Talks on the Burundi peace process have dragged through a third day in the South African capital, Pretoria. South African President Thabo Mbeki, who is mediating the talks, says progress has been good, but he has also indicated that the timetable for elections could be altered. There are signs that the talks could go into a fourth day.
South African President Thabo Mbeki is hosting the talks and has spent several days in face-to-face meetings with the leaders of four major Burundian political parties. They are trying to agree on a new constitution, a power-sharing deal and a new timetable for elections.
The South African mediators have been tight-lipped about progress on the unscheduled third day of negotiations that were originally expected to end Monday. But one source indicates that Mr.
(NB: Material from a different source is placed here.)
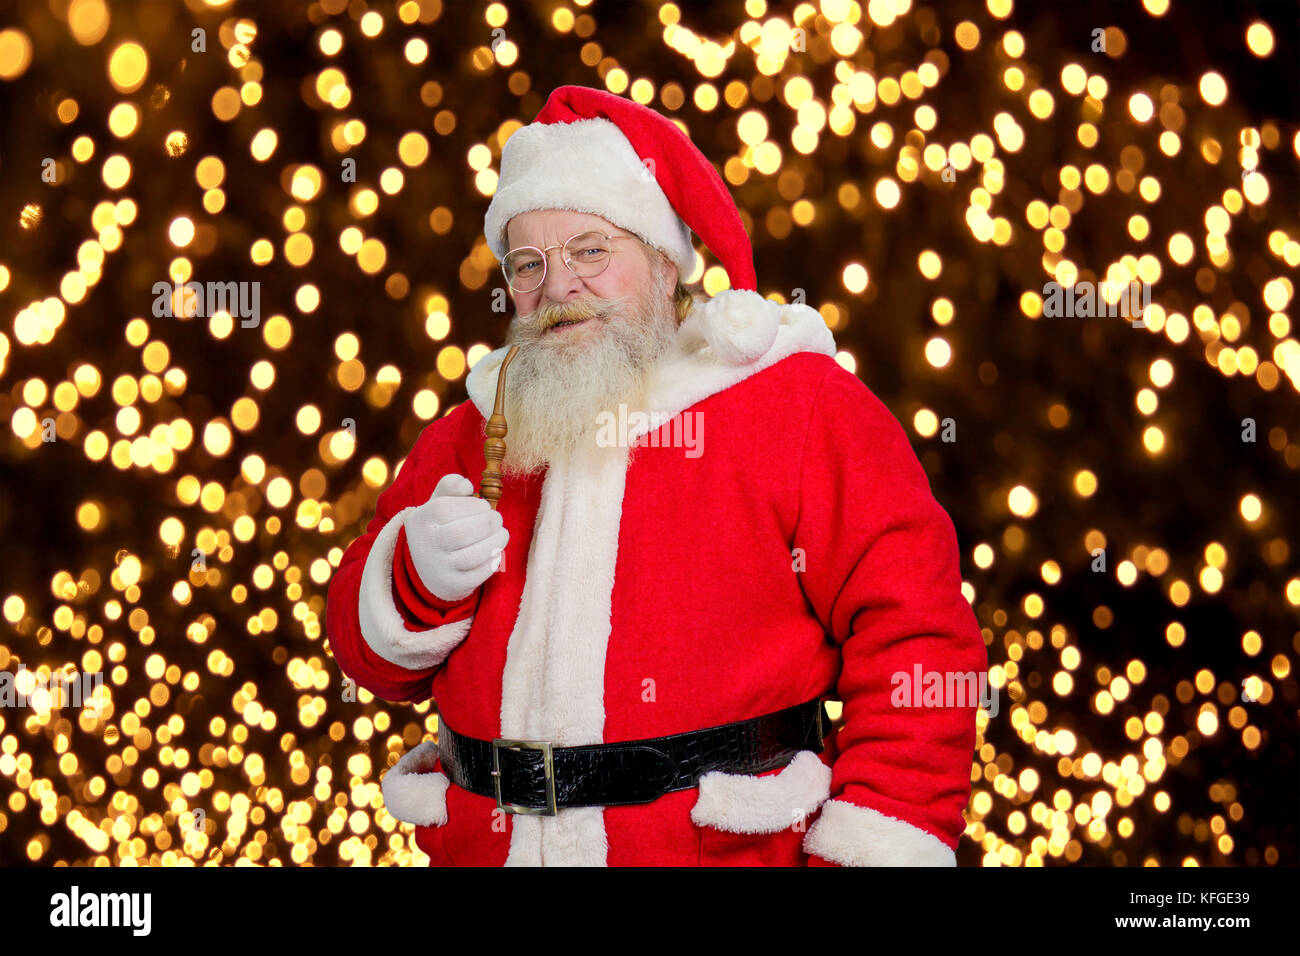 Santa Claus with pipe, portrait. Authentic Santa Claus with smoking pipe on New Year lights background. Stock Photo

Mbeki intends to keep the talks going until a deal is reached.
On Monday, Mr. Mbeki told the South African Broadcasting Corporation that progress has been good.
"The discussions are continuing, and they are going very well," he said. "There is actually agreement on the majority of the issues. There are one or two questions that remain."
The peace deal signed in Arusha, Tanzania four-years ago provided for a three-year transitional government. That government is supposed to hand over power to an elected one by the end of October. Burundi's legislative elections were originally planned for September, with a presidential poll scheduled in October.
Sources close to the talks indicate that it may be impossible to stick to that timetable. President Mbeki says the pressure to stay on schedule is intense, but he acknowledged that there may be some shifting of the timetable. But he emphasized that he hopes the main part of the transition will take place by November 1.
"It probably means that we should alter the election calendar as it was agreed in Arusha, because of the pressure of time. So again, we have raised the matter of the restructuring of that election calendar so that indeed you do have democratic elections between now and the beginning of November, to elect as I was saying the national assembly, the senate and the president," said President Mbeki. "All of the soundings that we have made, everybody agrees that we should move like this."
The Burundian leaders taking part in the talks include interim President Domitien Ndayezeye, and Pierre Nkurunziza, who heads the former rebel group turned political party known as the CNDD-FDD. There are also representatives of the main Tutsi and Hutu political parties, UPRONA and FRODEBU.
One group not participating is the rebel faction called the Forces for National Liberation, or FNL, which has refused to take part in the peace process. But this week the new U.N. envoy to Burundi has held separate talks with FNL leaders in Kenya.